Thoughts on life after the PhD
Despite the glut of wedding-reality programming on channels like We, Oxygen, and Lifetime, despite endless movies and TV shows depicting everything leading up to the big day, despite a culture that shoves fairytale wedding images down my throat on a regular basis, I still don’t think I ever really knew how much work it was to plan a wedding. How many strange details had to be decided upon, and how many arbitrary customs had to be followed or rejected (is it really normal for bridesmaids to dye their shoes to match their dresses?). And I doubt I’ll know the full story any time soon, since marriage is a pretty distant speck (if there’s even a speck) on the horizon. But for the first time a dear friend has asked me to be a bridesmaid in her wedding, giving me a little more of an inside view than I’ve had in the past.
Today I ventured for the first time into Wedding Land via David’s Bridal, one of those large chain stores that provides everything from wedding dresses to champagne glasses. It was bizarre to realize that at thirty-two I’d never been to one of these places, though I suppose it’s not the kind of store you just wander into. This is the wedding industry at its most industrial–the staff do their jobs like polite drill sergeants who also manage to play the role of gushy girlfriend.
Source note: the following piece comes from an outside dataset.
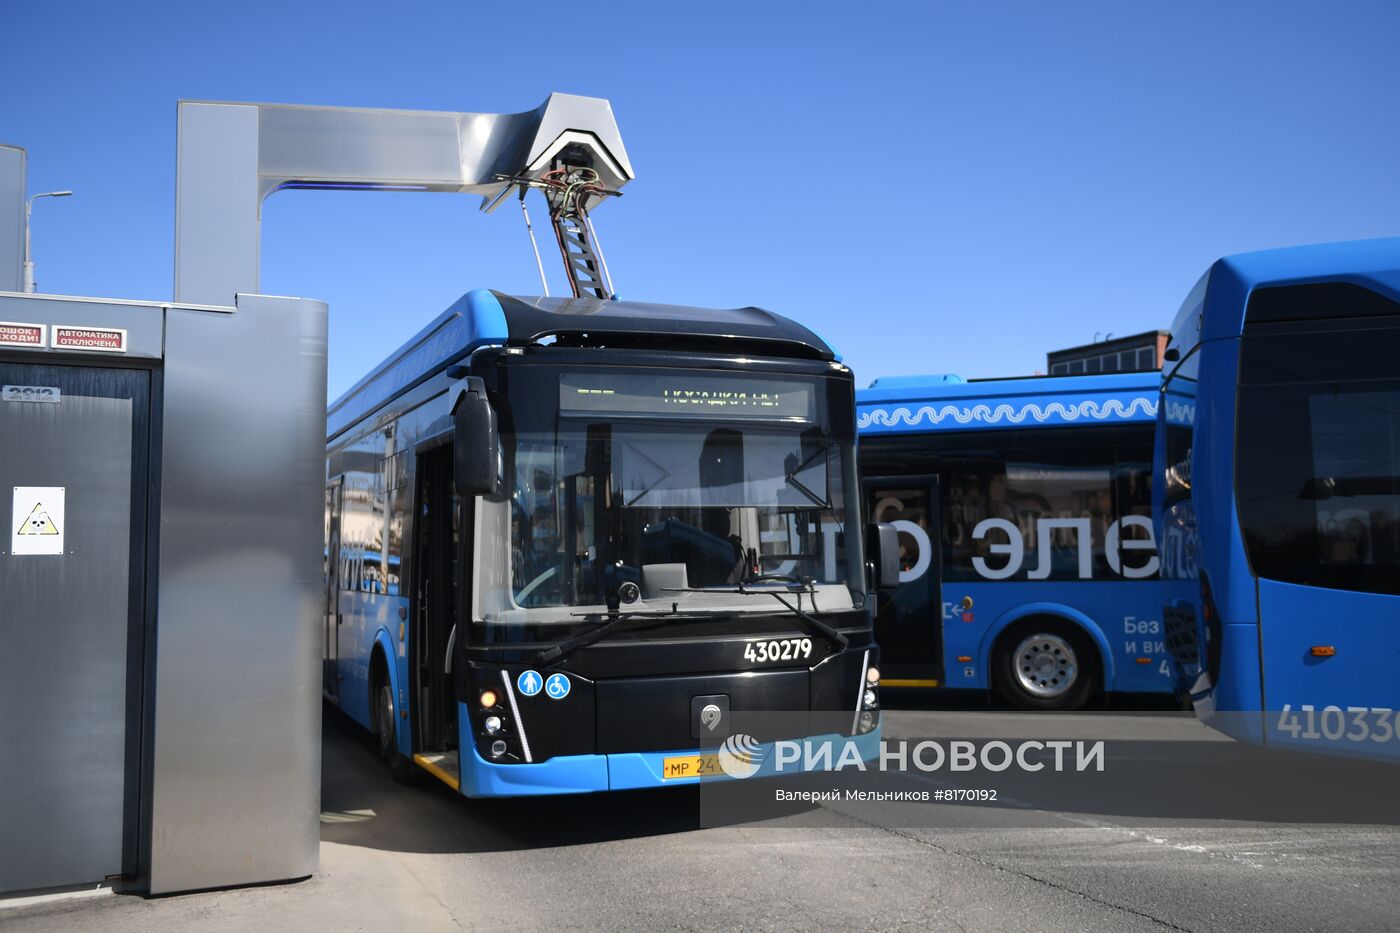 Запуск на маршрут двухсекционного электробуса в Москве

From the dress to the bridesmaids to the place settings to the bachelorette party accessories, they’ve got you covered.
I went to David’s Bridal with the bride and another friend to pick out bridesmaids’ dresses, which was surprisingly painless–a lot of the stuff on the racks looked garish and drowning in taffeta (does anyone ever really choose the bright orange color?), but the one we picked out was very pretty. All around us women stood on pedestals (yes, the store provides each bride-to-be with her own pedestal and enough mirrors to make anyone dizzy) and tried on huge masses of white fabric. My friend wanted to try on a dress just for fun (she’s having her dress made elsewhere), but apparently that involves a pre-arranged appointment and a small army of staff to stuff, pin, and fluff.
It’s bizarre how many little wedding customs there are that have become a money-making venture for stores like David’s Bridal. Lace garters (sometimes in blue). Ring pillows. Guest books with silver covers. Invitations. Flower girl dresses. Bouquets. Wedding dress lingerie. Strapless bras. White shoes. White stockings. Veils. Picture frames with “My Wedding” written on them. Hope chests. Wedding dress storage boxes. Purses dyed the same color as the bridesmaids’ dresses.
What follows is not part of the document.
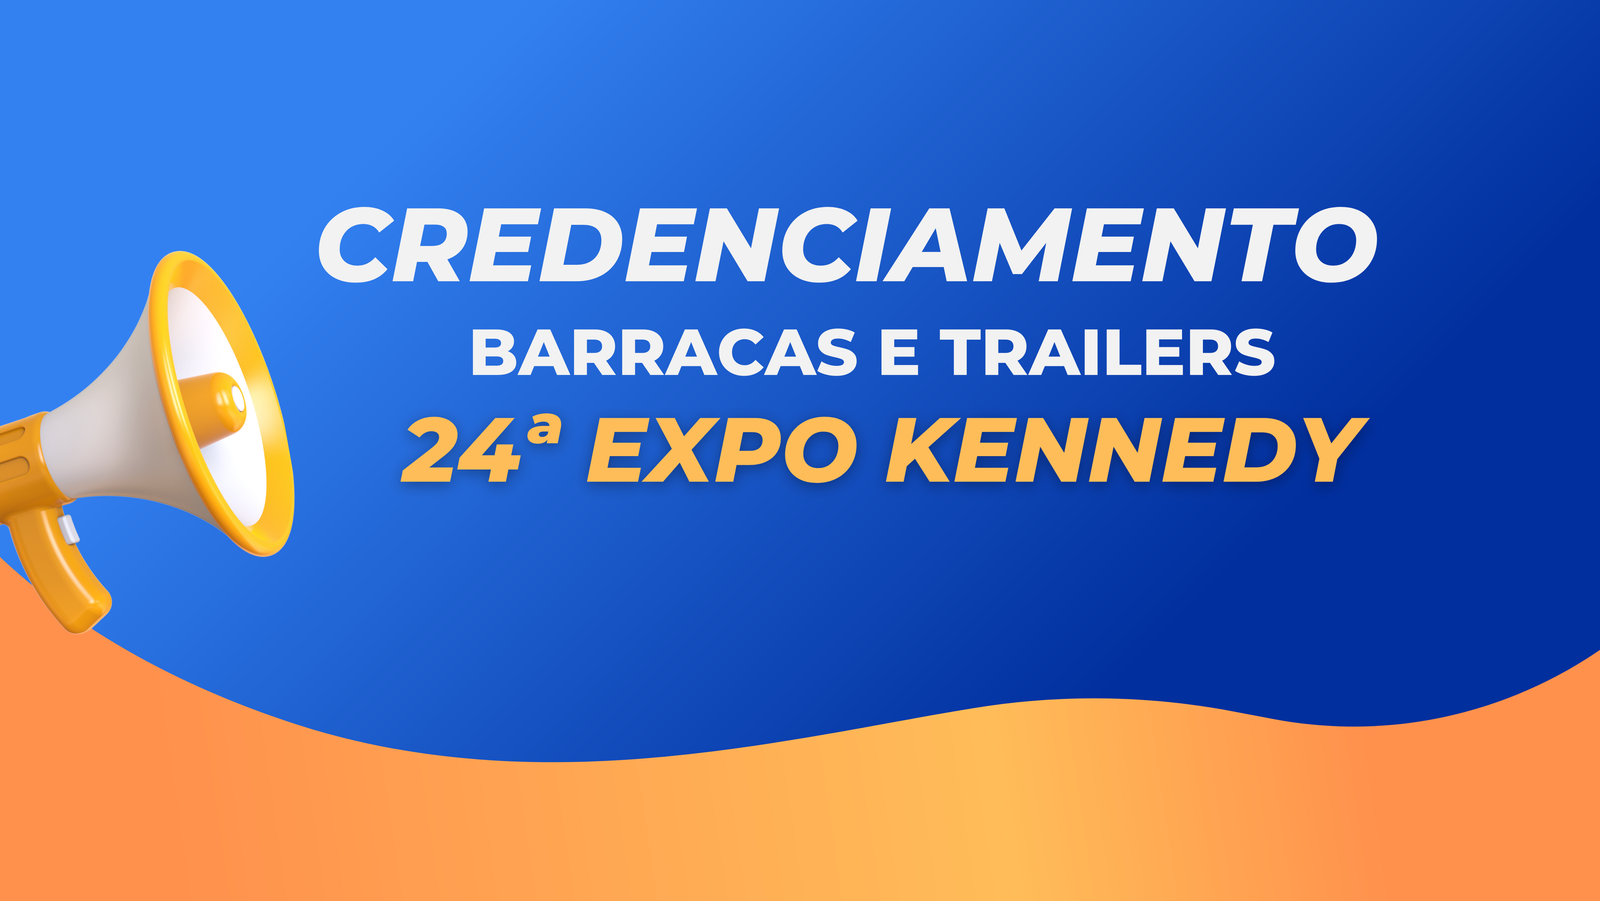 Credenciamento de barracas e trailers para a 24ª ExpoKennedy começa nesta segunda-feira (19)

My favorite section was the “humorous” accessory section, which included baseball caps with “Bride” and “Groom” written on them (so THAT’S where all those obnoxious people who travel together for a wedding get their gear), mugs and bags that said “Mother of the Bride,” “Bridesmaid,” and “Maid of Honor,” a trivia game called “Know Your Bride / Know Your Groom,” and enormous glass wedding rings. There was a whole section of sporting goods with “Bride in Training” written on them–not entirely sure who these were for, or how exactly you “train” to be a bride.
I’ll admit that I had a great time–I suppose as a lefty academic type I’m supposed to scorn the wedding-industrial complex with its patriarchal, heteronormative standards and its focus on ruffles over real love and partnership. But somehow I just can’t bring myself to feel cynical. I love my friend, and her fiance, and even though the planning will be crazy stressful I know their wedding will be a lot of fun. Though that’s probably easier to say when you don’t have to do the bulk of the planning.